Nei piani terra l’umidità tende a penetrare soprattutto dal basso, in seguito alla risalita per capillarità dell’acqua contenuta nel terreno attraverso i materiali dell’attacco a terra (spesso assai porosi), condensandosi proprio sopra la superficie di calpestio o subito al di sotto della pavimentazione.
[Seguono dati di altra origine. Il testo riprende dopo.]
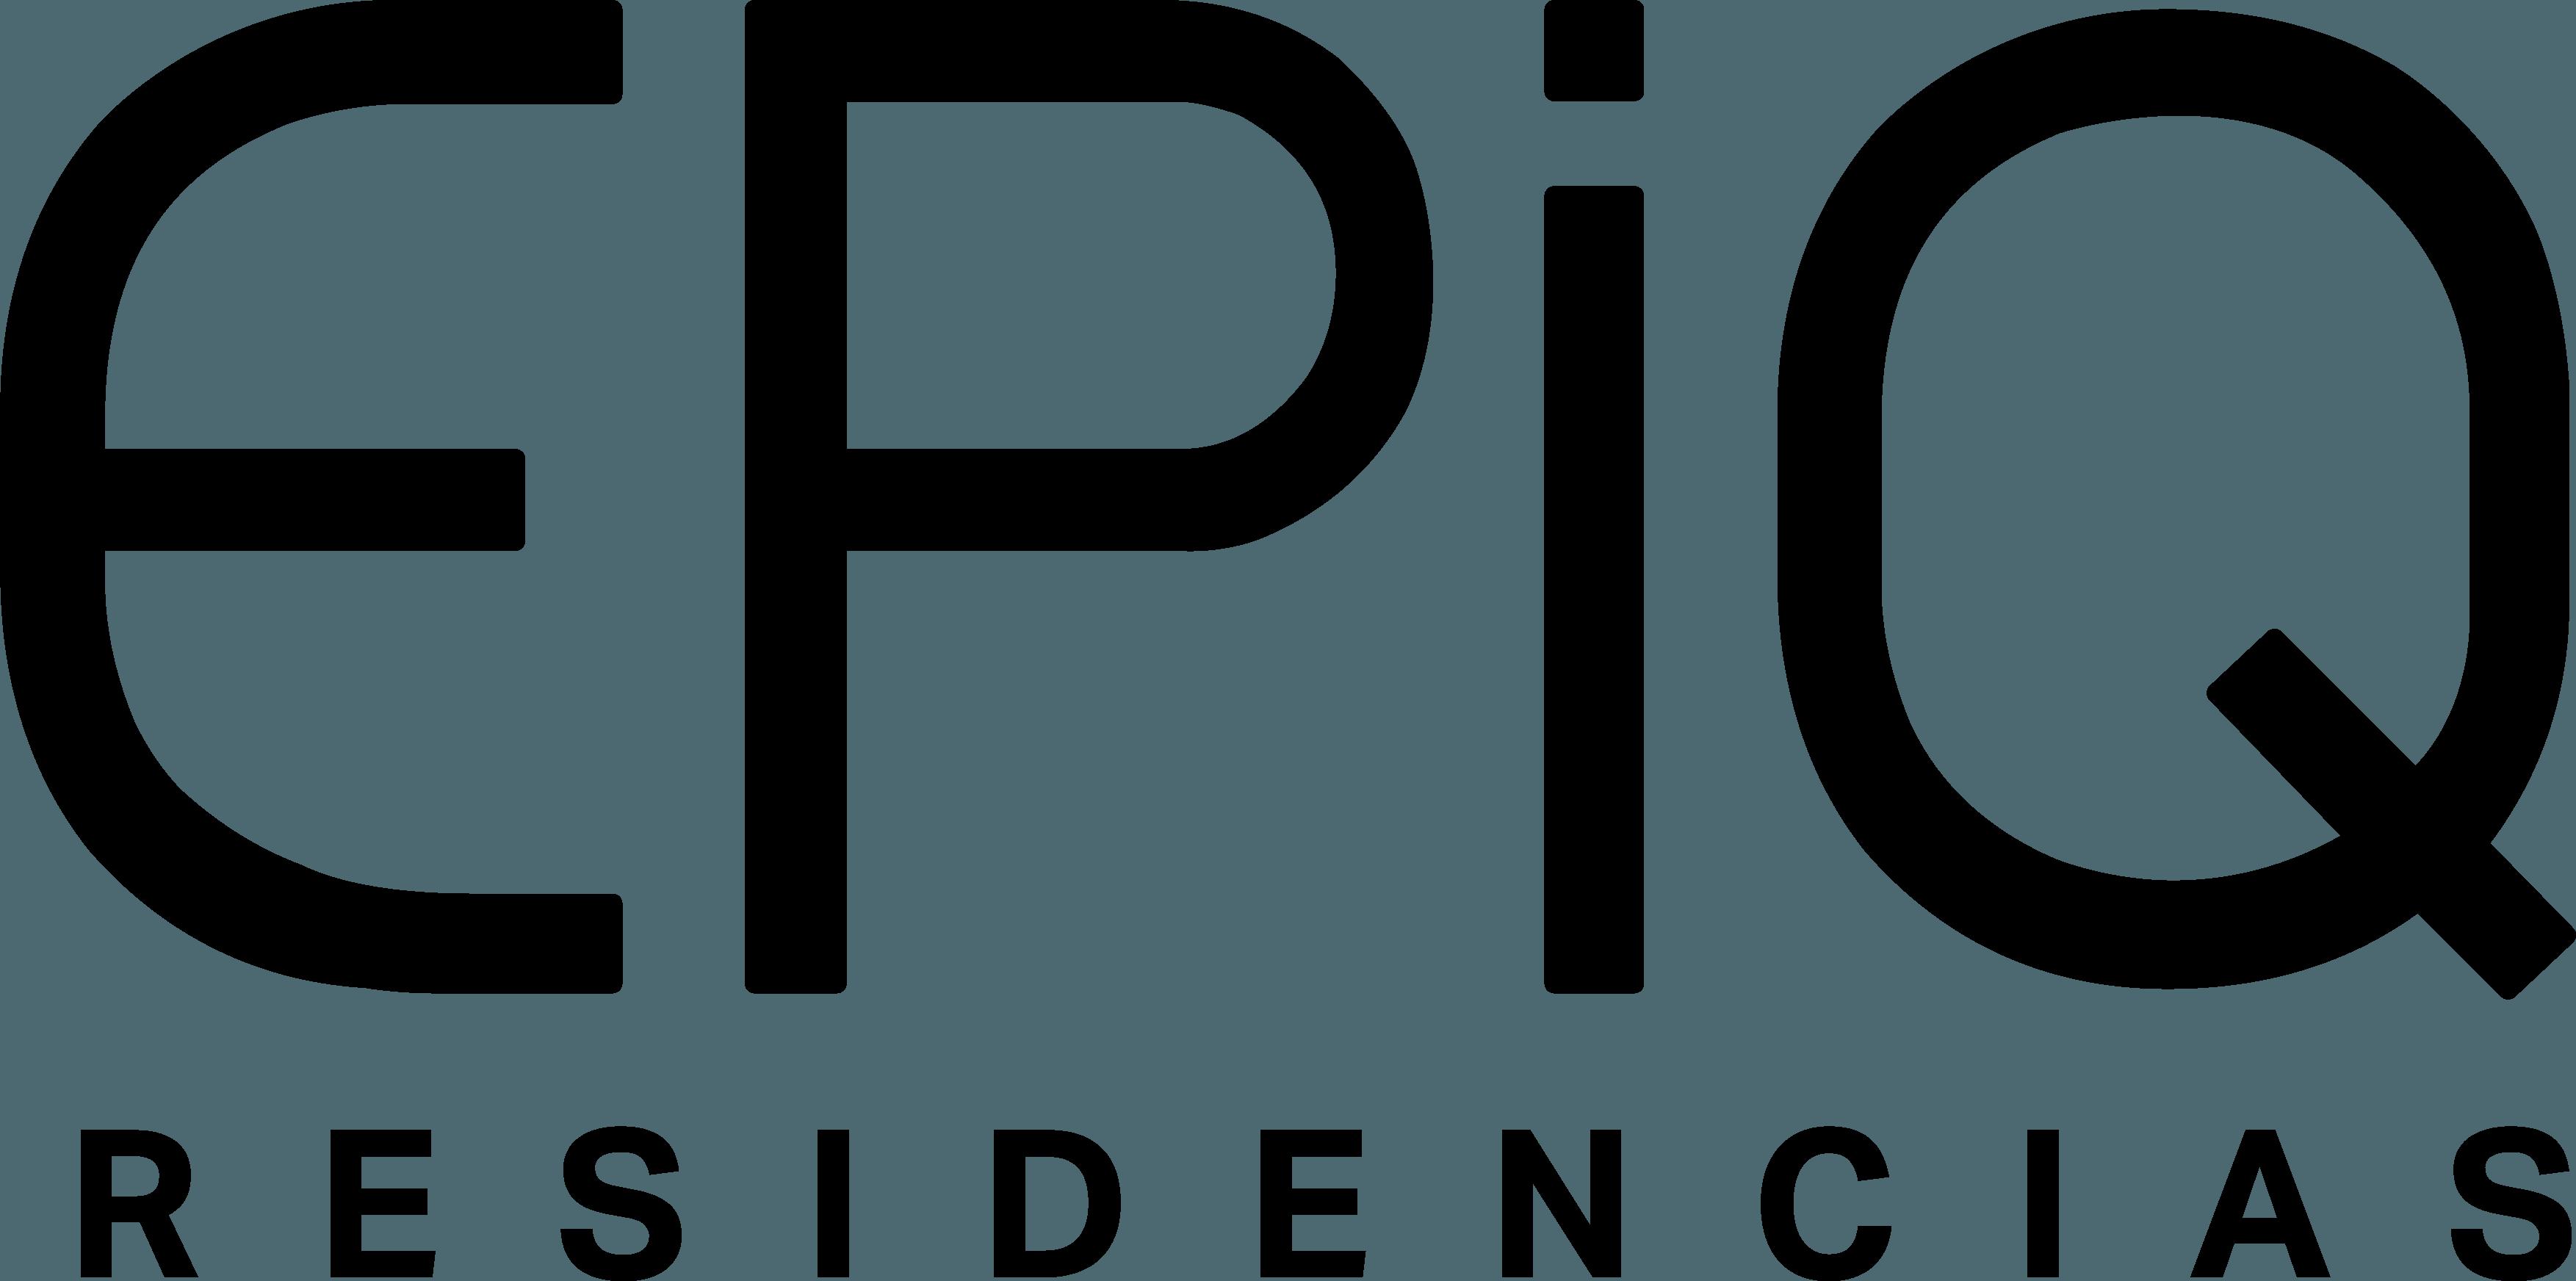 logo nuevo epiq negro

I terreni argillosi, poco drenanti e normalmente intrinsecamente ricchi di falde acquifere, sono particolarmente predisposti al fenomeno.

Foto 1 – Tipico pavimento alla veneziana (seminato), messo a punto nel Rinascimento per resistere all’umidità

La presenza di umidità di risalita capillare comporta numerose conseguenze, tutte assai spiacevoli:
  • aumenta la trasmissione di aria fredda dal terreno all’interno della stanza, diminuendo sensibilmente l’efficacia del sistema di riscaldamento che, negli edifici tradizionali più modesti, era assai rudimentale e basato un solo caminetto, stufa o cucina economica;
  • favorisce la proliferazione di funghi e muffe, con conseguente diminuizione della salubrità e del comfort interno degli ambienti;
  • se ricca di sali solubili può causare la formazione di efflorenscenze e sub efflorescense saline che, oltre a comportare un certo degrado estetico della pavimentazione, possono favorire il sollevamento o la rottura dei singoli elementi: il fenomeno riguarda soprattutto i materiali più porosi come il cotto (uno dei materiali più comuni anche per la pavimentazione degli edifici più modesti sotto forma di pianelle rettangolari, mezzane da solaio o semplici mattoni), l’arenaria e la pietra serena;
  • favorisce il distacco e la marcescenza dei pavimenti di parquet, che negli edifici ricchi erano spesso molto elaborati, con disegni intarsiati in legni di vari colori.
Una situazione del tutto particolare si verifica inoltre nel centro storico di Venezia, in cui l’acqua è una presenza fissa degli ambienti al piano terra, a causa sia dell’acqua alta che si verifica periodicamente, sia dell’umidità di risalita capillare, che risulta inestirpabile per la presenza dei canali e dei particolari sistemi costruttivi veneziani con fondazioni su elaborate palificate lignee.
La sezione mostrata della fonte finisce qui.